Gustav Fraulo

Personal information
- Full name: Gustav Leone Fraulo
- Date of birth: 23 April 2005 (age 21)
- Place of birth: Odense, Denmark
- Height: 1.83 m (6 ft 0 in)
- Position: Midfielder

Team information
- Current team: Lyngby
- Number: 19

Youth career
- 0000–2016: OKS
- 2016–2024: Midtjylland
- 2023–2024: → Mafra (loan)

Senior career*
- Years: Team / Apps / (Gls)
- 2024–: Lyngby / 48 / (6)
- 2024: → FC Roskilde (loan) / 10 / (0)

International career
- 2021: Denmark U16 / 2 / (0)
- 2021–2022: Denmark U17 / 14 / (0)
- 2022–2023: Denmark U18 / 6 / (0)
- 2023: Denmark U19 / 6 / (0)
- 2025: Denmark U20 / 1 / (0)

= Gustav Fraulo =

Danish footballer (born 2005)

Gustav Leone Fraulo (born 23 April 2005) is a Danish footballer who plays as a midfielder for Danish Superliga club Lyngby Boldklub.

==Club career==
===FC Midtjylland===
Born and raised in Odense, Fraulo started his career in the local football club, Odense Kammeraternes Sportsklub. Halfway through the U14 year, Fraulo and his family decided that he should follow in his older brother's footsteps and switched from OKS to FC Midtjylland in 2016. His great talent was also recognized internationally, as he was invited to try out for Dutch giants Ajax in both 2018 and 2019.

Fraulo was a big profile in Midtjylland's successful youth team for several seasons and in February 2023, the 17-year-old signed a new three-year deal with Midtjylland and traveled with the first team to Portugal for a training camp. Just five months later, in June 2023, Fraulo signed a 5-year contract extension with Midtjylland. He had, in the meantime, been called up for six Danish Superliga matches, but had yet to make his debut.

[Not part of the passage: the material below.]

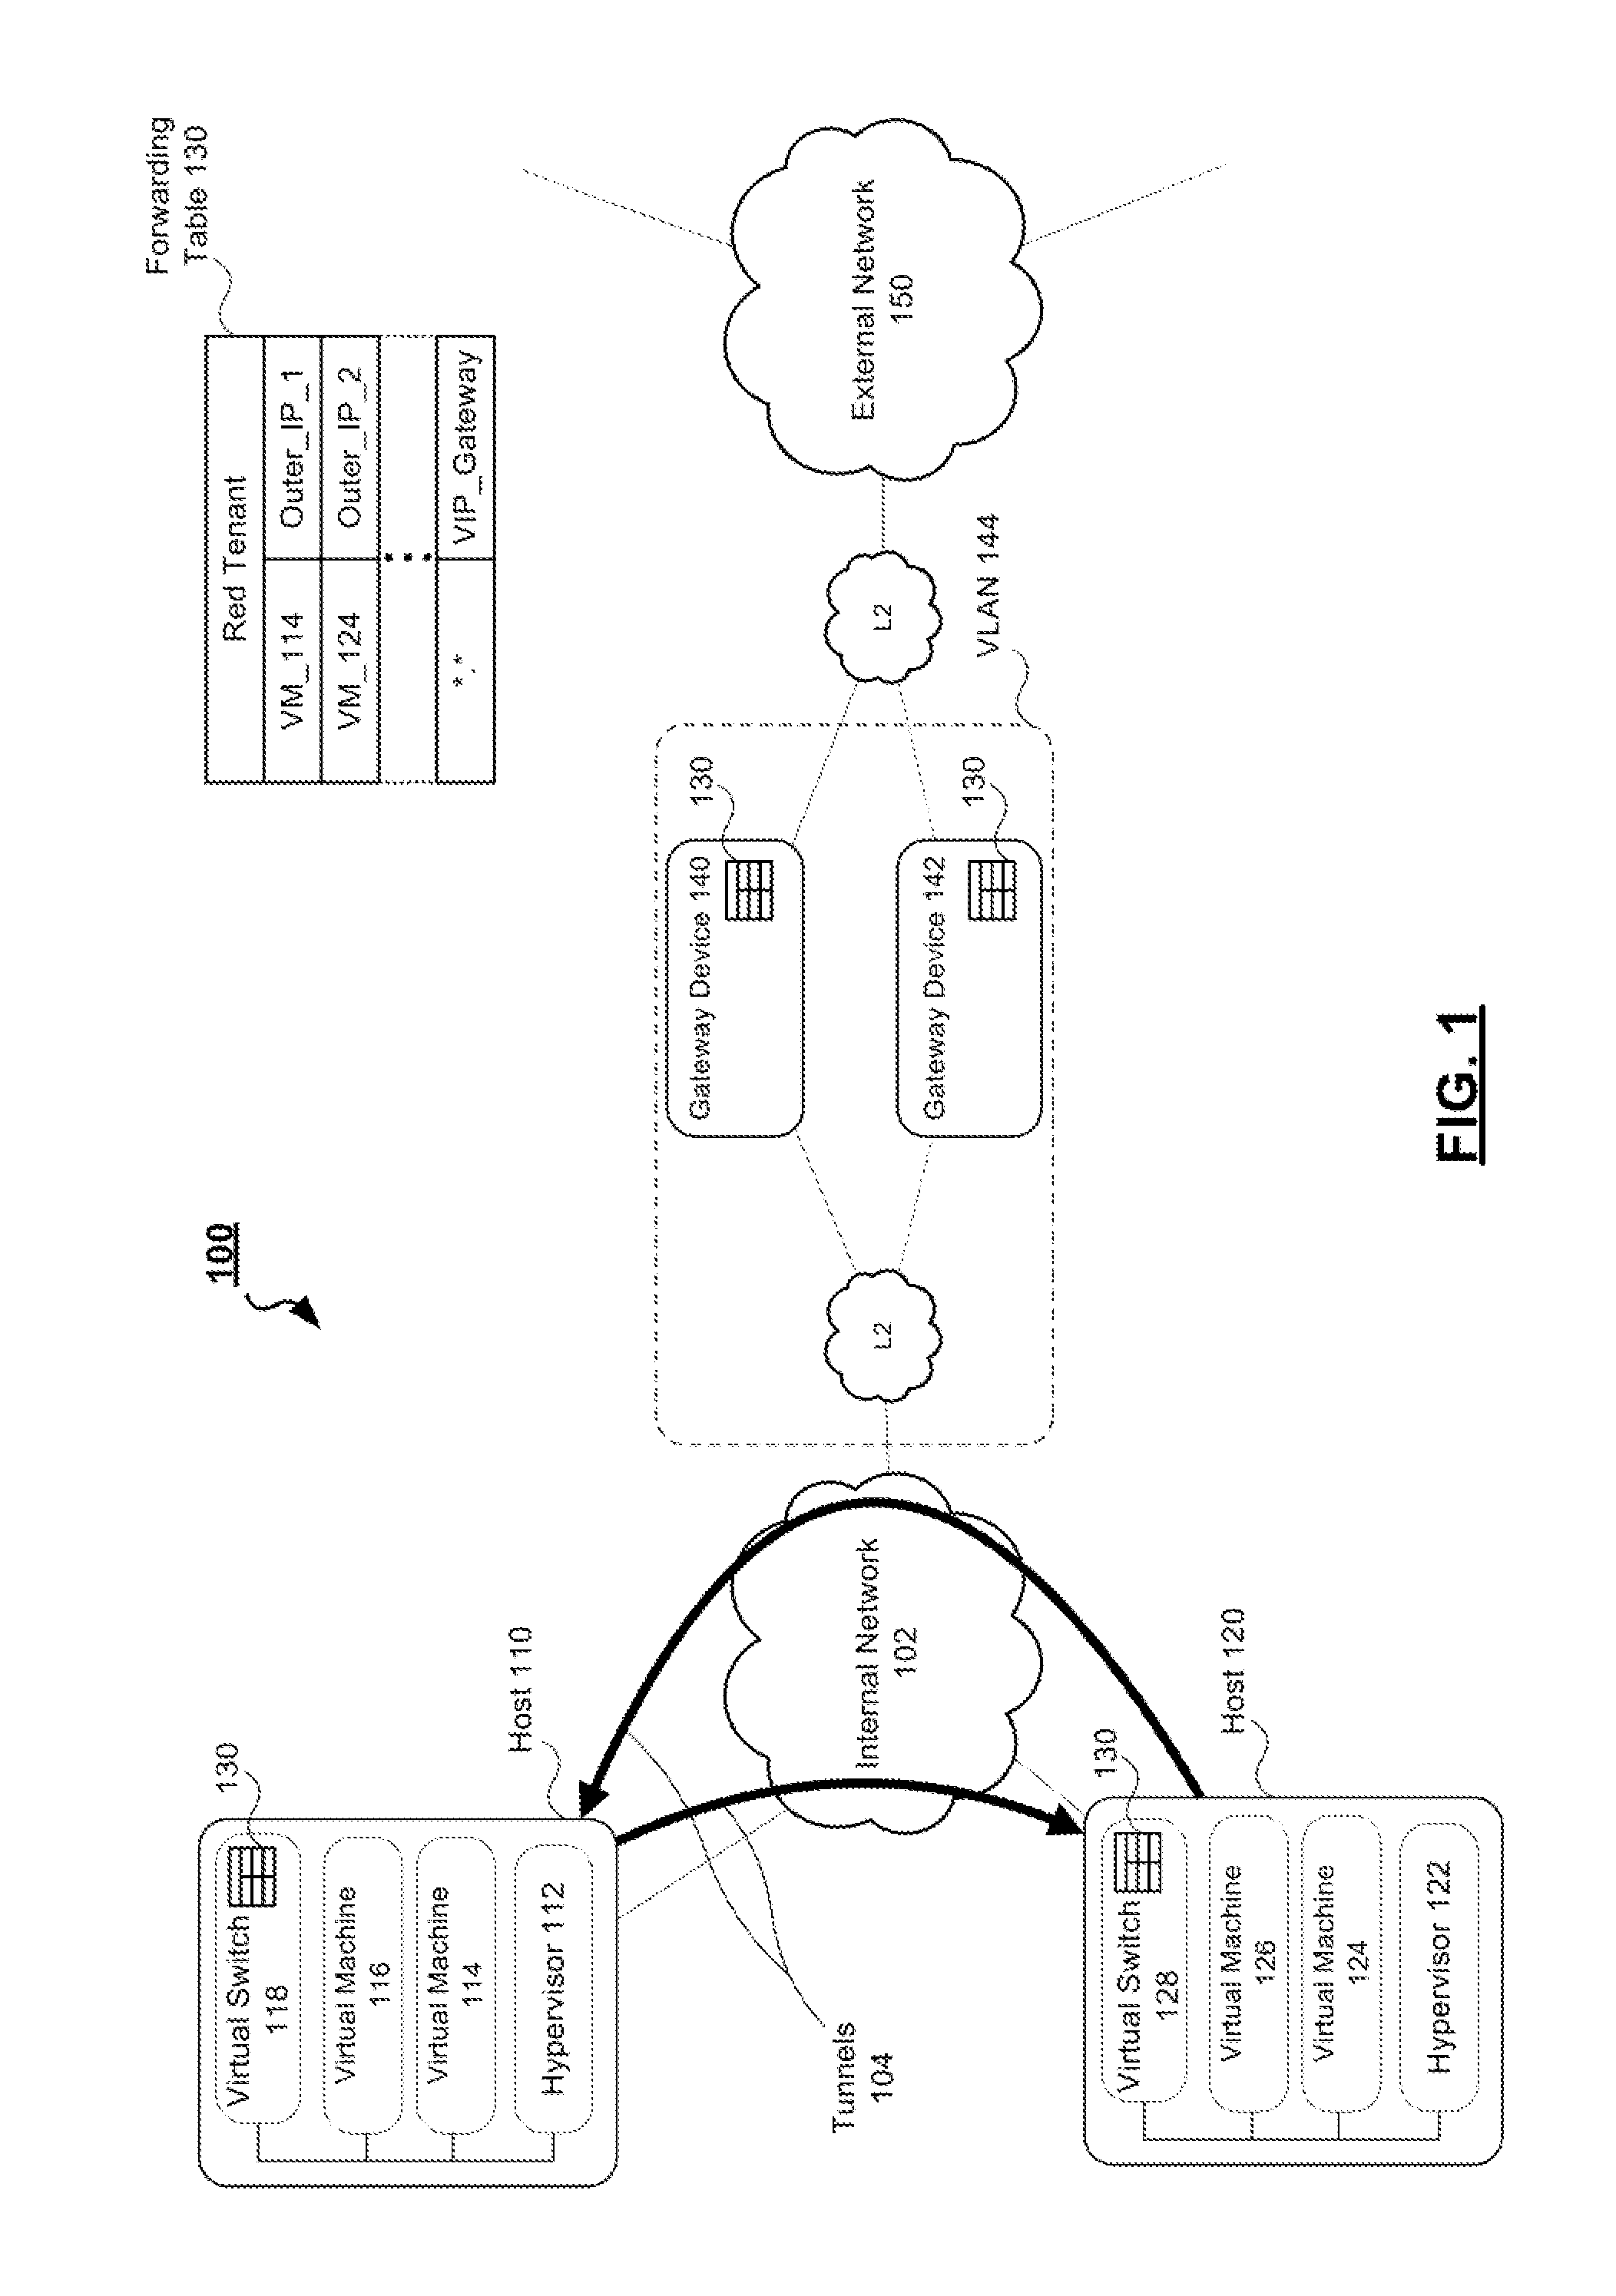 Systems and methods for providing vlan-independent gateways in a network virtualization overlay implementation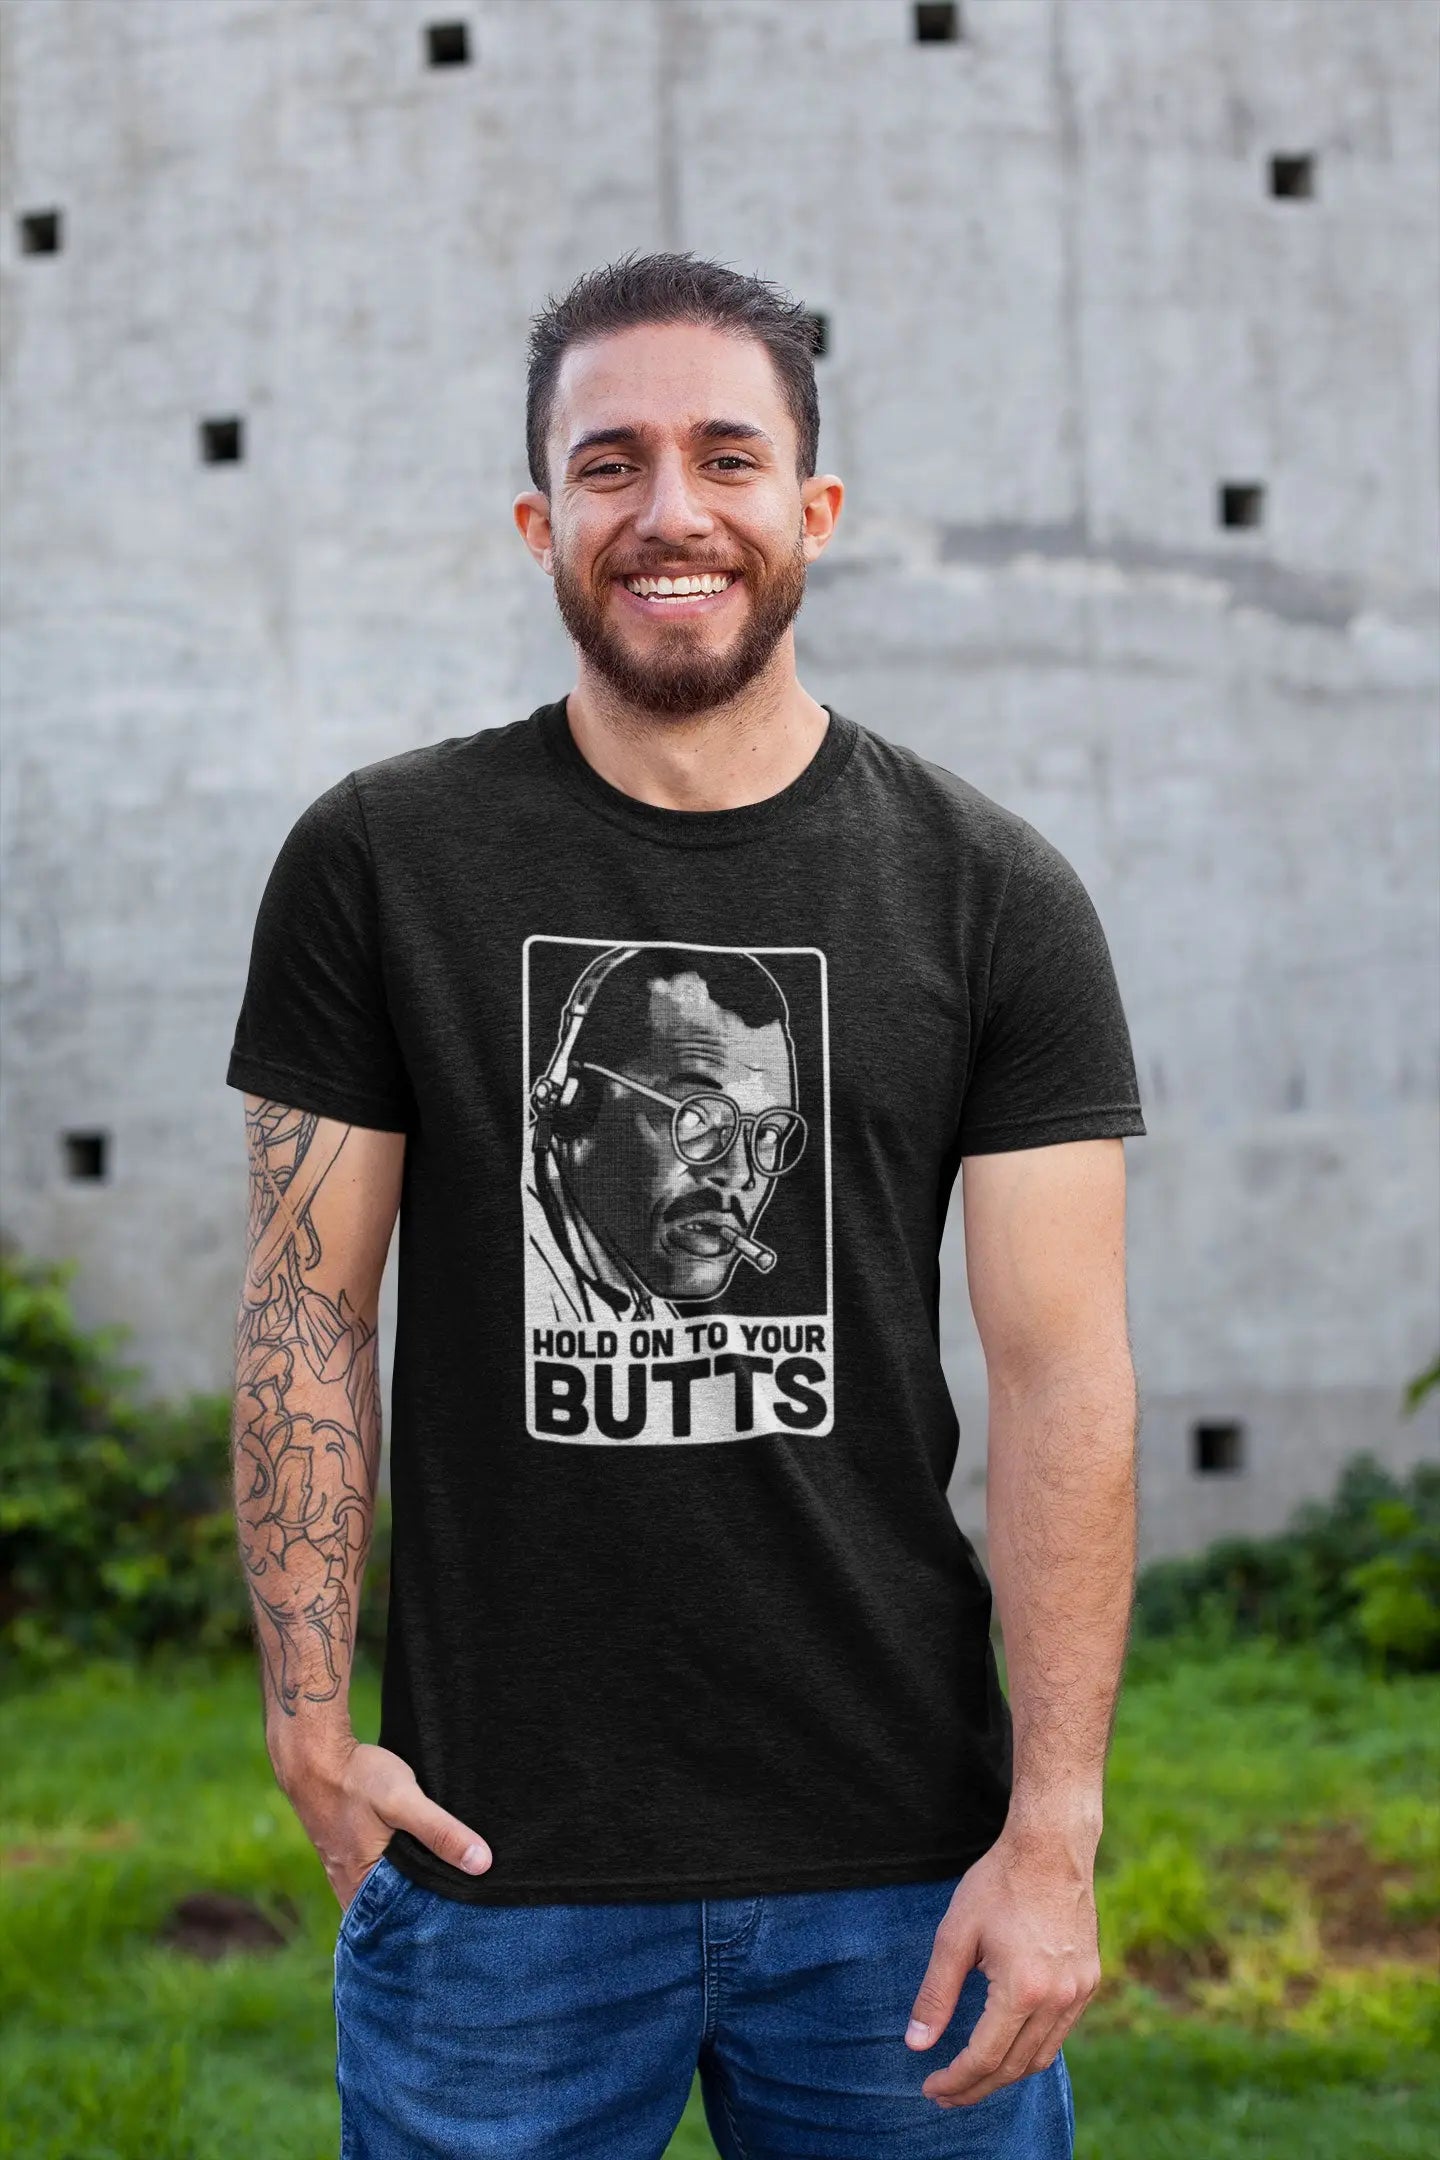 Hold On To Your Butts Tshirt - Donkey Tees

A month later, Fraulo, along with teammates Jonathan Lind and Mads Nybo, moved on a loan deal to Midtjylland's Portuguese partner club, C.D. Mafra. Here he played regularly for the club's U-23 team, which featured in the Portuguese Liga Revelação.He played 15 games for Mafra's U-23 team during his time at the club.

===Lyngby===
On 30 January 2024 it was confirmed that Fraulo was leaving Mafra with immediate effect, having signed a 4.5-year contract with Danish Superliga club Lyngby Boldklub. Fraulo made his debut on 3 March 2024, in a Danish Superliga match against Hvidovre, replacing Casper Winther in the 84th minute.

On 2 August 2024 Fraulo was loaned out to Danish 1st Division side FC Roskilde for the rest of 2024. He returned to Lyngby in January 2025. Fraulo made 11 appearances for Roskilde, having been a regular throughout his loan spell.

==Personal life==
Gustav Fraulo is the younger brother of Oscar Fraulo, who is also a professional football player.